What the Americans say is, when you get a chance like that, you should run with it. How fast can you run, hey?”

  “I don’t know. I’ll find out, though, won’t I?” Dizzily, Istvan followed Captain Kovacs into the camp’s administrative center. The officer had exaggerated. There couldn’t have been more than half a million forms. Some were in French, the large majority in English. Istvan read neither. For a while, Kovacs translated for him. Then Istvan threw his hands in the air. “The hell with it!” he said, and signed and signed without worrying about what he was signing.

  “That one you just put your name on says you owe me a hundred thousand dollars,” Kovacs said.

  “Good luck!” Istvan turned out his pockets. “I’ve got, uh, fifty francs here, and ten forints from when I was captured. I forgot all about those.” He shoved the money at Kovacs. “All yours, if you want it.”

  “You need it worse than I do,” Imre Kovacs said, “not that you’ll be able to exchange the forints. Is there anything back at the barracks you have to have?”

  “No.” Istvan shook his head. He wouldn’t have minded grabbing his football boots, but he decided breaking clean was better. He’d have too much explaining to do if he went back in there again.

  “Good. Let’s get to the bottom of this stack, then.”

  At last, Istvan did. Kovacs led him to an American truck newer than but otherwise not much different from the ones the Hungarian People’s Army used. Already in it were a couple of Poles, a Czech, and an East German.

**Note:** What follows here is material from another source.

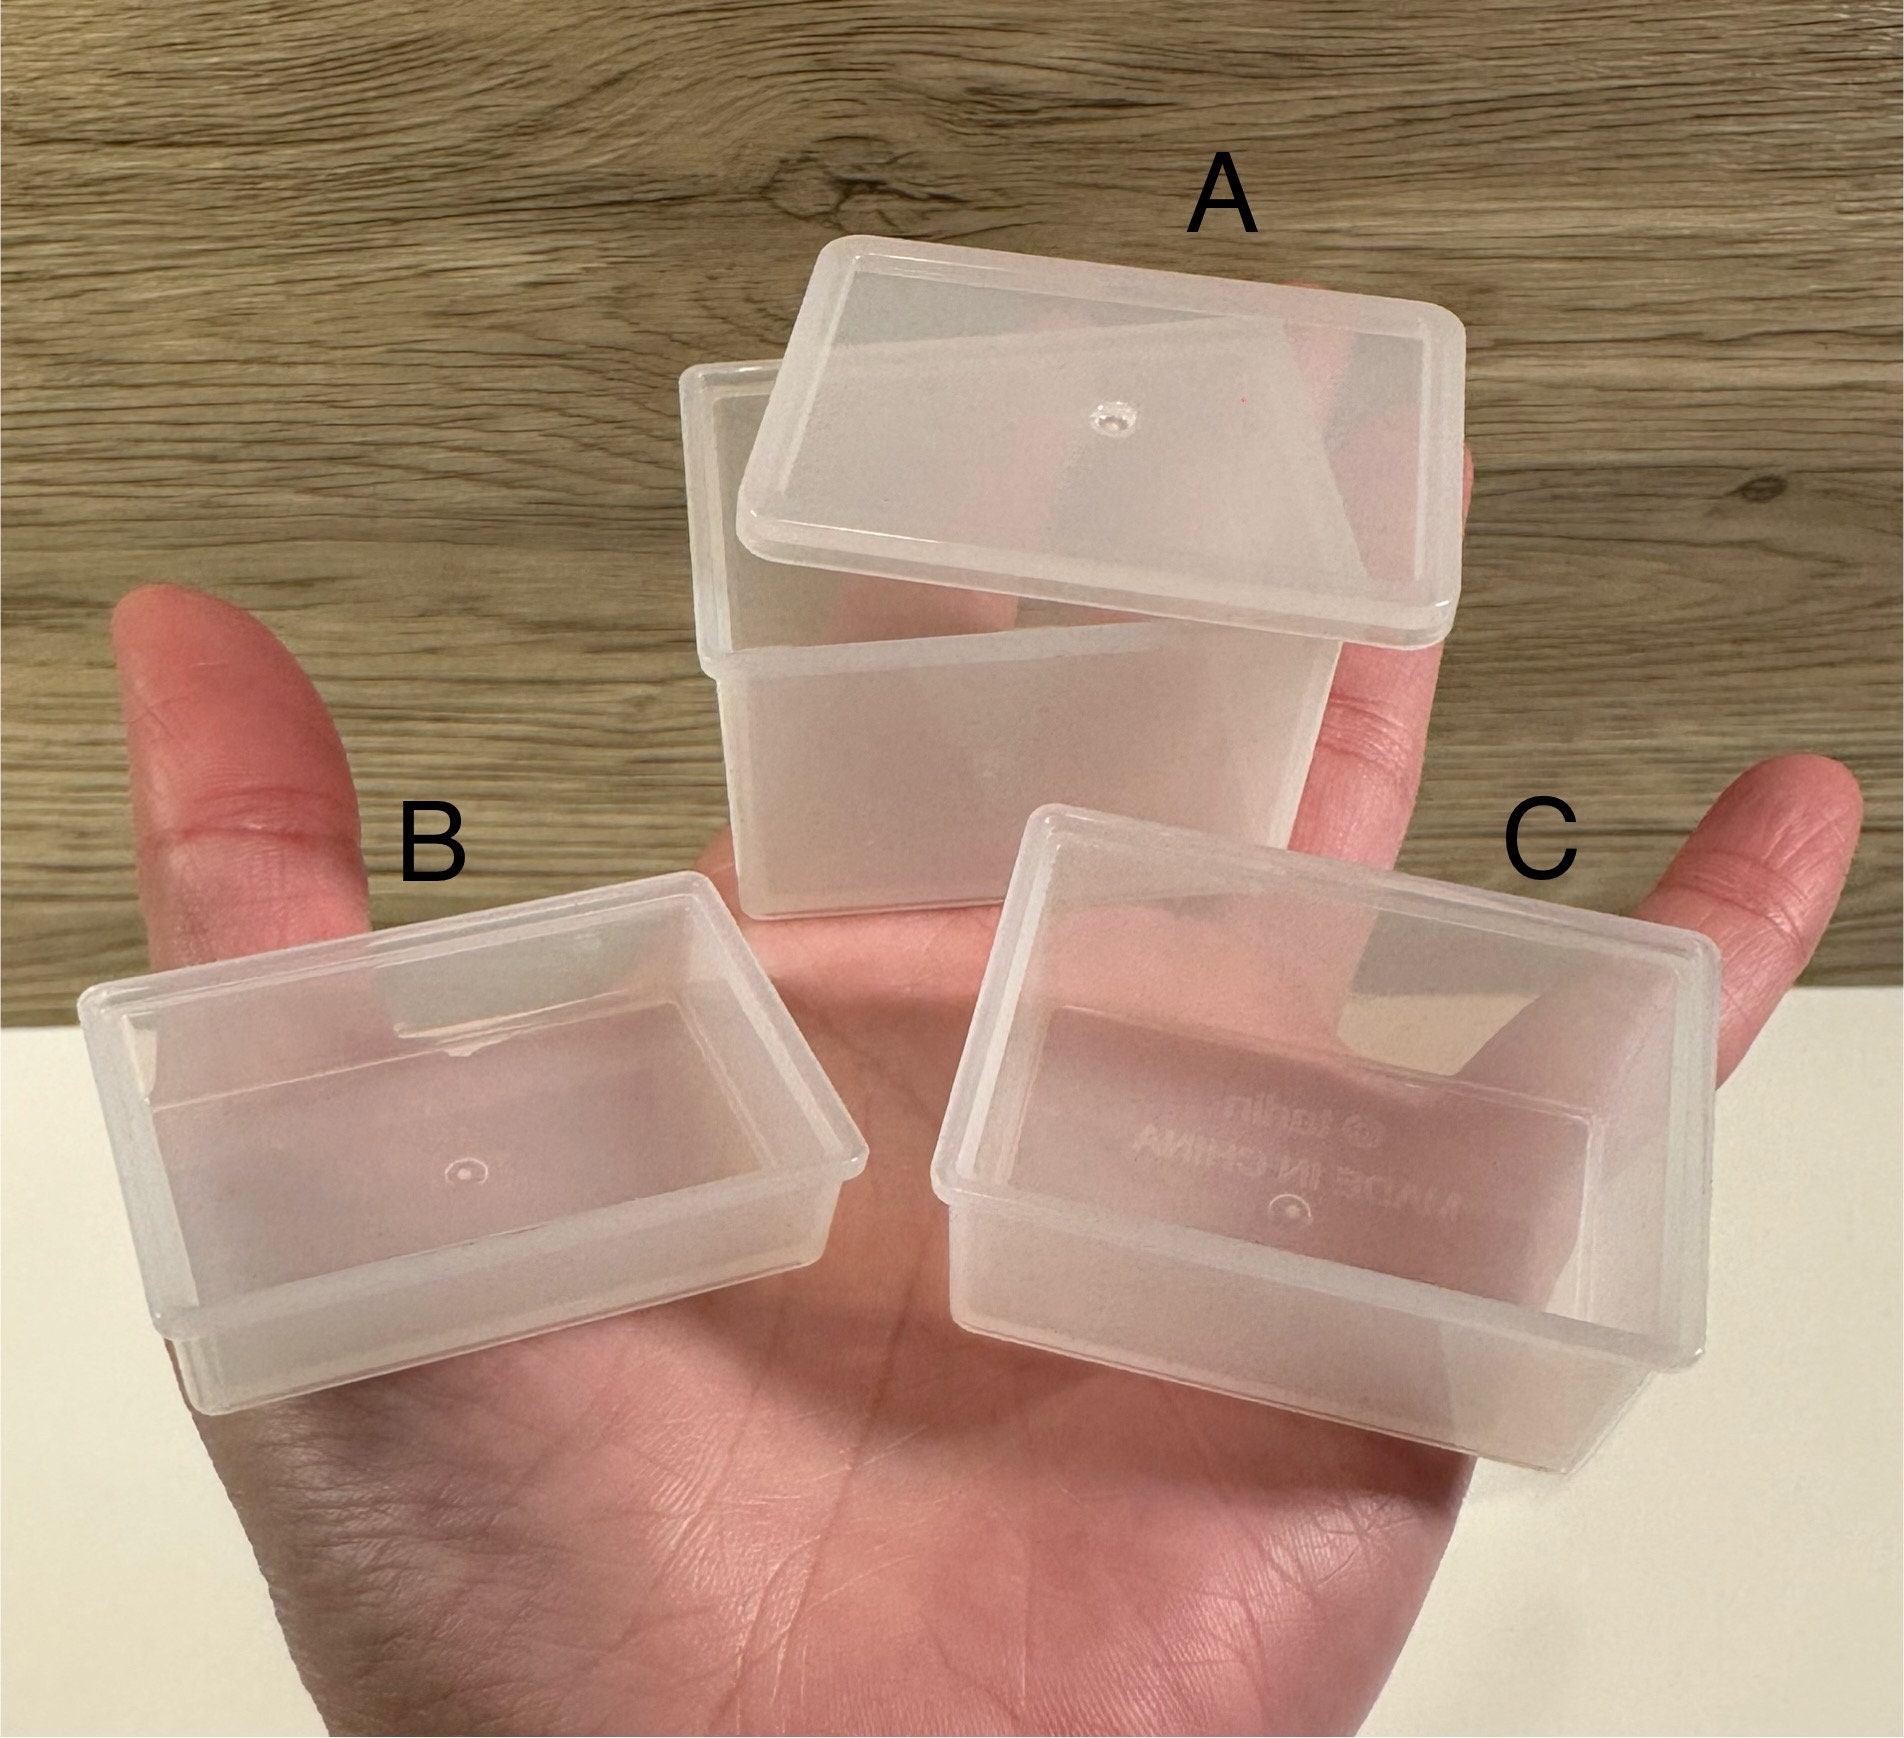 6pcs/set 1/6 or 1/12 Scale Miniature Dollhouse Storage Box Mini Container  for Barbies OB11 Doll House Furniture Accessories Toy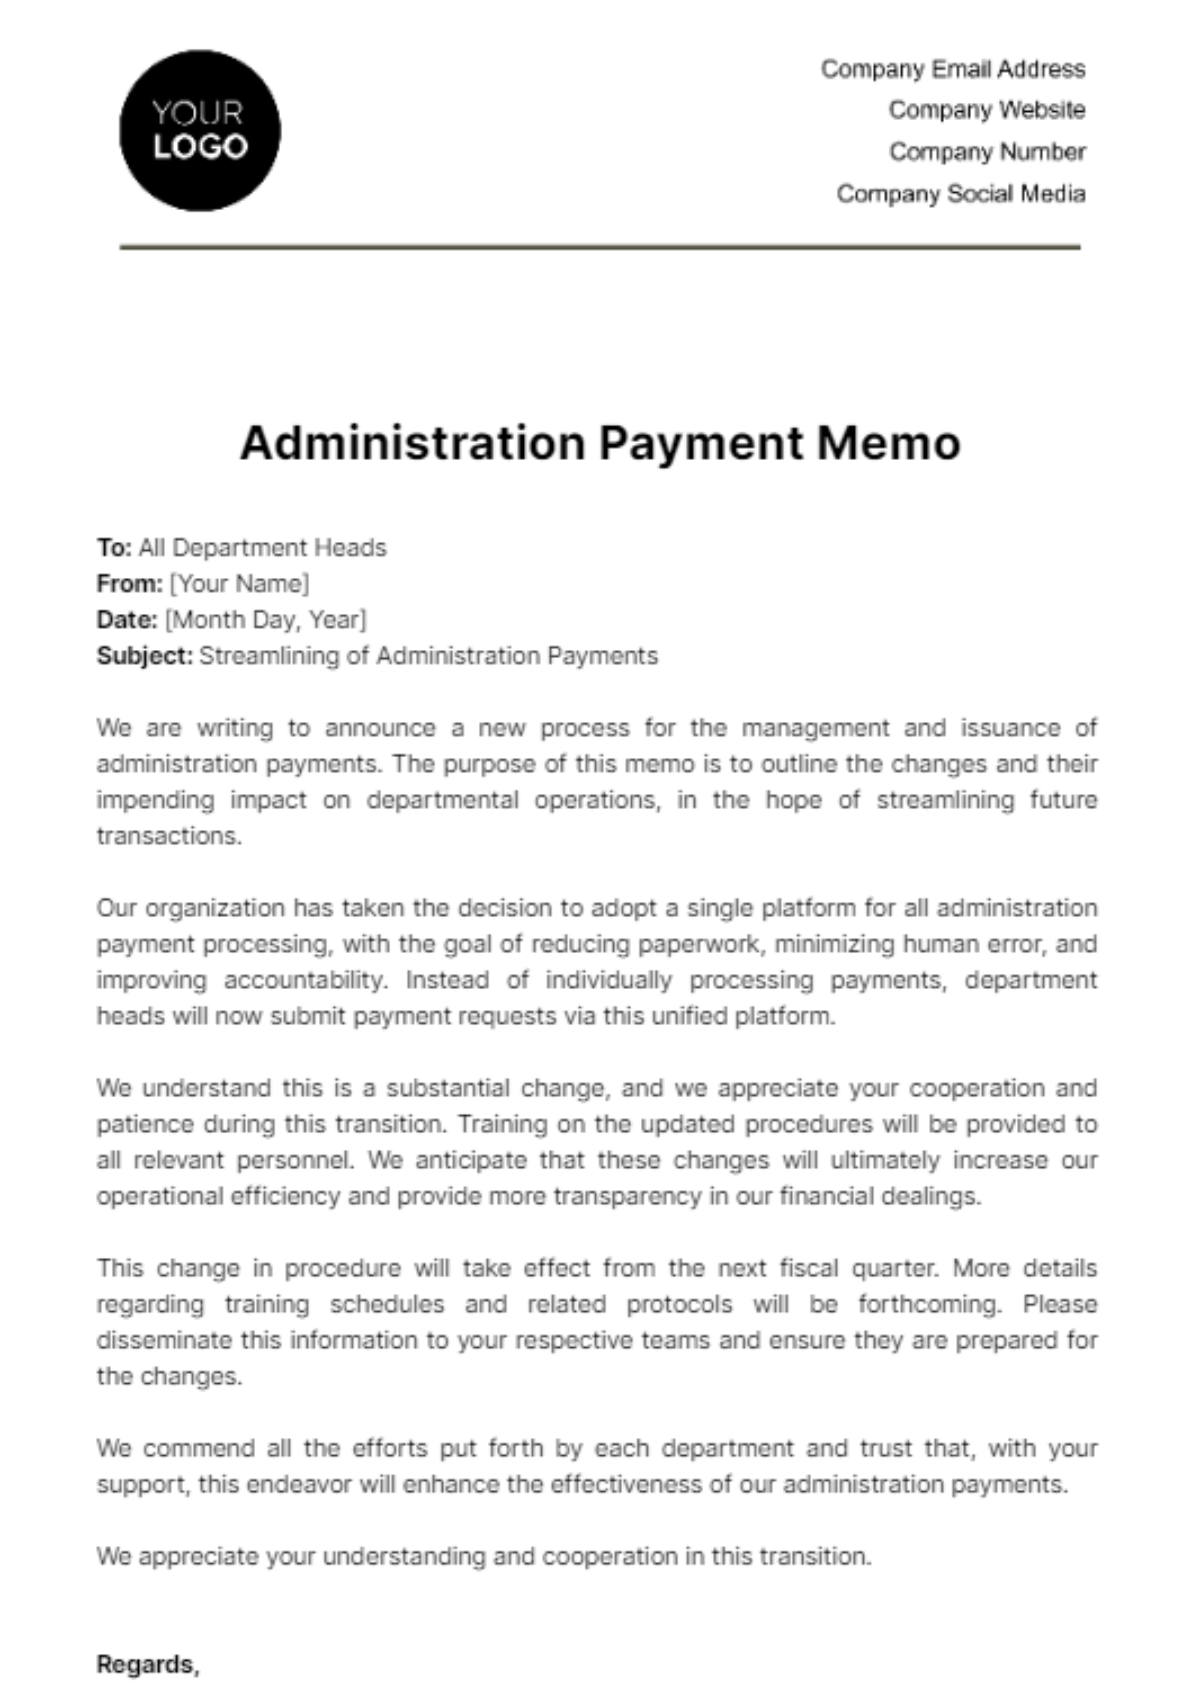 Free Administration Payment Memo Template

They talked among themselves in variously accented Deutsch.

  The truck rumbled away. It went…in whatever direction it went. After a couple of hours, it stopped at an airfield. A German-speaking American steered the liberated POWs to a beat-up C-54. The only other planes Istvan had seen up close were fighters attacking him. He’d never gone inside one before.

  When the engines roared to full throttle, his ears cringed. The transport rumbled down the runway and took off. I’m going to a whole new world, he thought, and then, No. I’m going to the New World.